Are you looking for an exciting opportunity to join a dynamic team and help build a reliable cloud infrastructure? We are looking for a Site Reliability Engineer to join our team and help ensure our cloud infrastructure is running smoothly and efficiently. You will be responsible for developing and maintaining our cloud infrastructure, monitoring performance, and troubleshooting any issues that arise. If you have a passion for technology and a desire to work in a fast-paced environment, then this is the job for you!

Overview:

A Cloud Infrastructure Site Reliability Engineer is responsible for ensuring the reliability, scalability, and performance of cloud-based infrastructure and services. They are responsible for developing and maintaining automation and monitoring systems, troubleshooting and resolving complex technical issues, and providing technical guidance and support to other teams.

Detailed Job Description:

The Cloud Infrastructure Site Reliability Engineer is responsible for designing, developing, and maintaining cloud-based infrastructure and services. This includes developing and maintaining automation and monitoring systems, troubleshooting and resolving complex technical issues, and providing technical guidance and support to other teams.
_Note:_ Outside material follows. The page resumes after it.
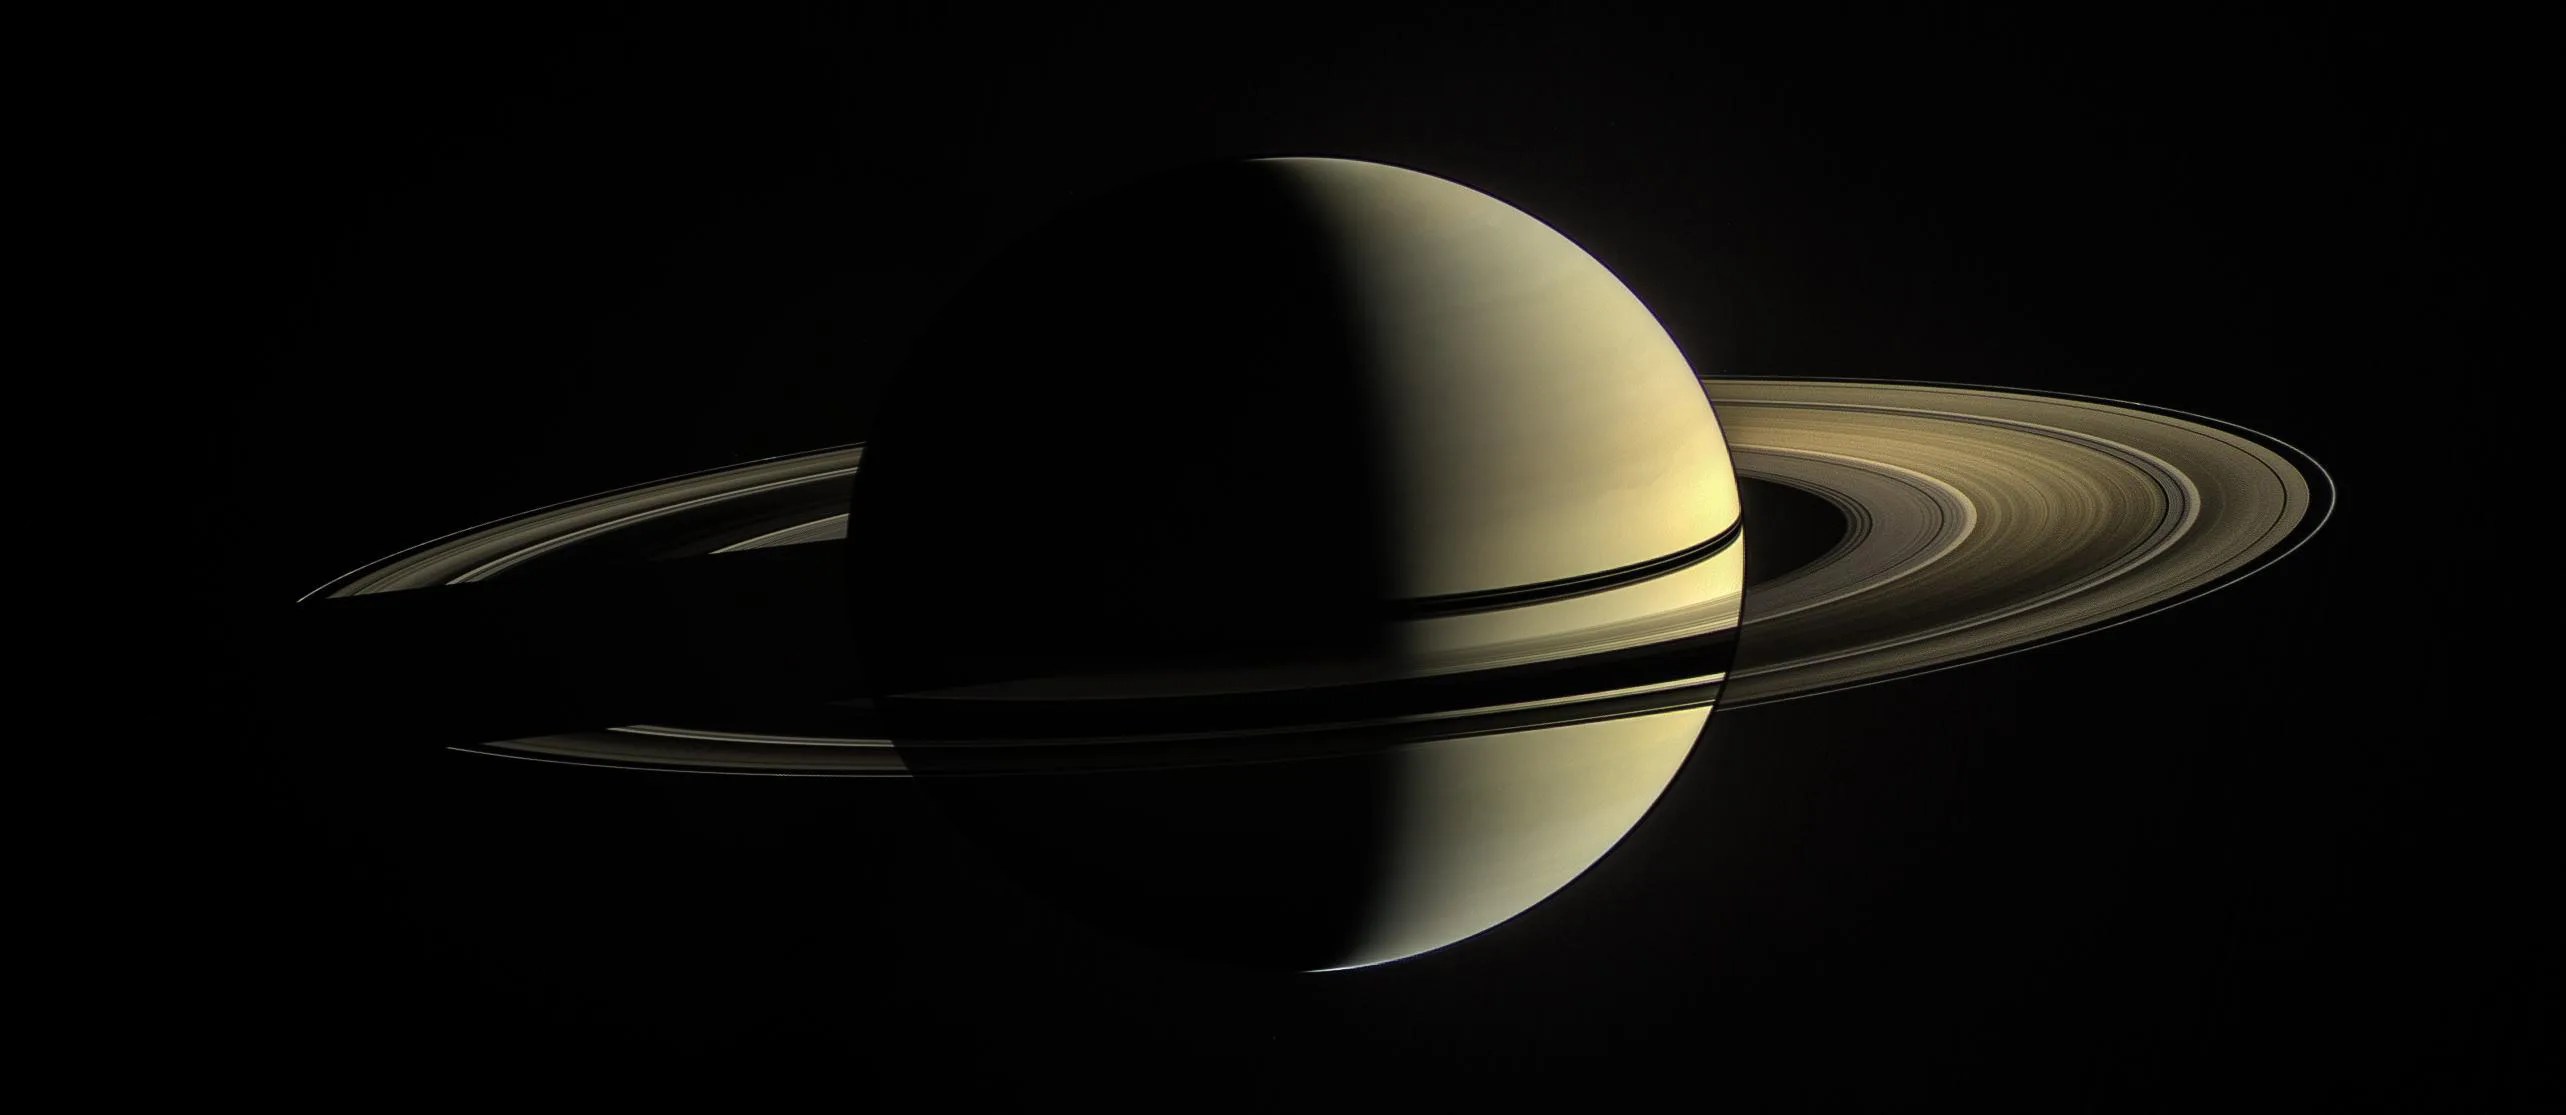 Full view of Saturn partially illuminated by the Sun.

The engineer will also be responsible for developing and maintaining best practices for cloud infrastructure and services, and ensuring that all systems are secure and compliant with industry standards.

What is Cloud Infrastructure Site Reliability Engineer Job Skills Required?

• Expertise in cloud-based infrastructure and services, including AWS, Azure, and Google Cloud Platform
• Knowledge of scripting languages such as Python, Bash, and PowerShell
• Knowledge of automation and monitoring tools such as Chef, Puppet, and Ansible
• Knowledge of system and network security best practices
• Ability to troubleshoot and resolve complex technical issues
• Excellent communication and problem-solving skills

What is Cloud Infrastructure Site Reliability Engineer Job Qualifications?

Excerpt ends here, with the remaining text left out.